The data custodians are responsible for the data security, they own it and control it so the liability is with them. MOVEit is not to blame for poor data security practices of their customers. Transferring sensitive files that aren't encrypted is bad always and I don't mean encrypted data traffic, the actual files. Sure it's much more of a pain to do that but if that is put in as a policy requirement then a suitable easy to use solution will be implemented fit for that purpose.
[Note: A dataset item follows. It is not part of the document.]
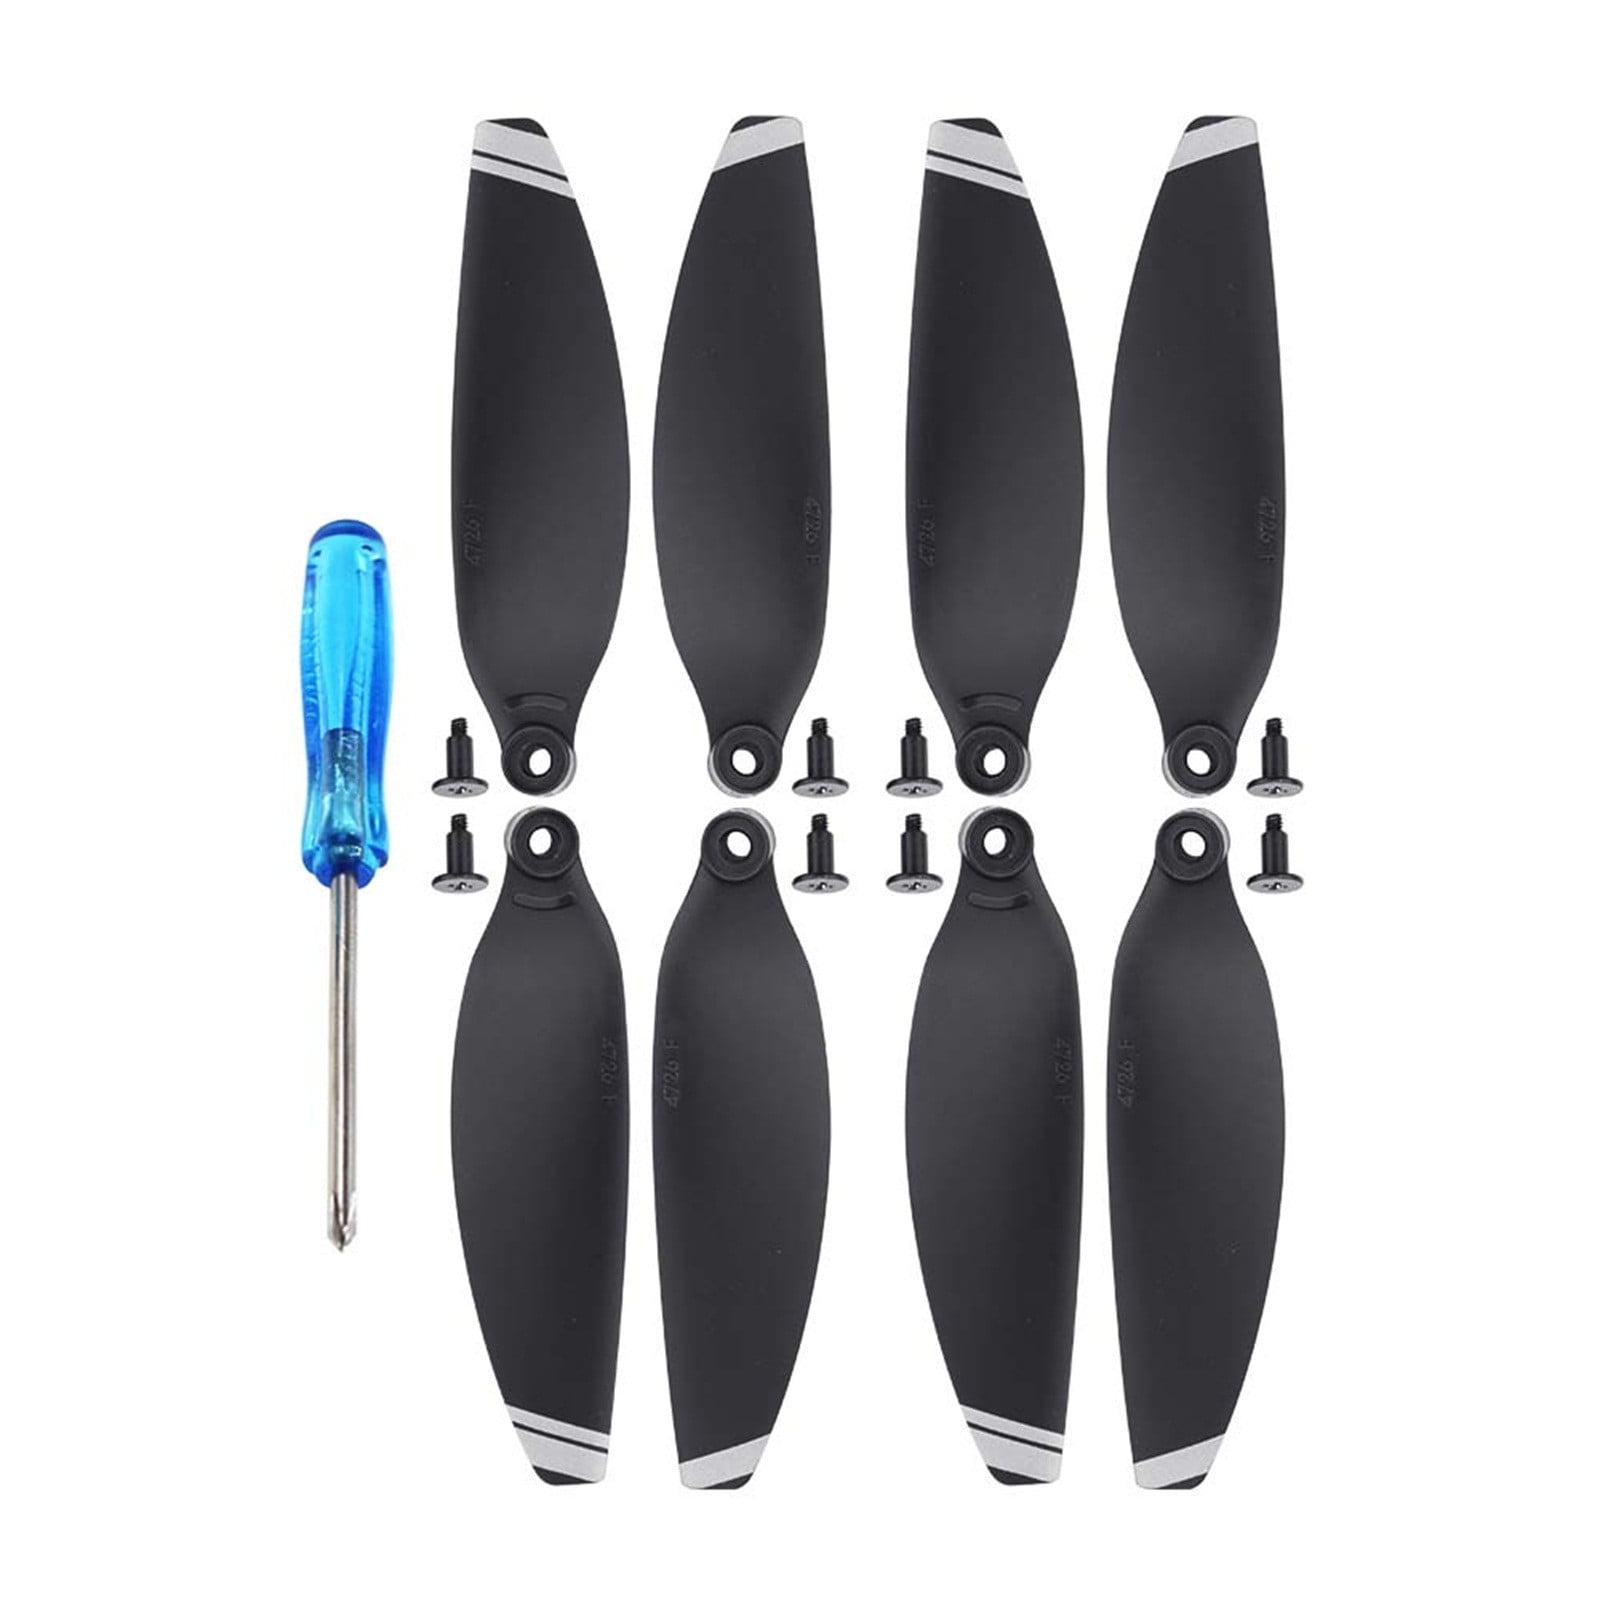 10x Propellers For Yuneec Q500 Q500M 4K Typhoon Drone Quick Release Props

I for one hate having to send files outside the network to software vendors no matter the method (SFTP, HTTPS etc) because you don't know how they are going to handle that file and if it's just going to be unencrypted in place defeating the point of encrypting it.

 

For example for a lot of medical information data you can use HL7 protocol over dedicated private network (my country has this) between healthcare providers or if that is not sufficient use this same network and setup database replication with protected views etc. Passing around information using file transfers is a very old and often lazy way of doing things, not that it doesn't have it's place but still a lot default to it as the go to method of getting data between between organizations rather than implementing a better more secure way that doesn't risk files laying around being handled improperly.

 

The biggest detractor for public cloud for me is the ungodly prices and the now more than decade worth of the world best marketing targeting CEOs, CFOs, COOs that "cloud" TCO is cheaper always for everything forever and that is a battle I still have to fight today. A hammer is not a saw, don't try and saw wood with a hammer. Just because "the cloud" advertises themselves as a one stop shop, one size fits all, doesn't mean it's the best or cheapest. This common sense is understood at those executive levels for many things but for whatever reason just gets way sided when it comes to IT.

 

20 hours ago, yayIHaveAUserName said:

My point was that in my opinion using public cloud infrastructure inherently carries a greater risk. I am also aware that this is by far not an unanimous opinion it the IT space and I respect other opinions regarding it, there are definitely arguments to be made for both sides.

Whether it was say 10,000 MOVEit installations installed at on-prem locations or 10,000 separate installations hosted in Azure it wouldn't actually result in any difference. They would all have their own servers managed by themselves, in private not accessible networks, published to the internet using the same MOVEit architecture resulting in exactly the same risk. 

 

MOVEit SaaS is a different situation.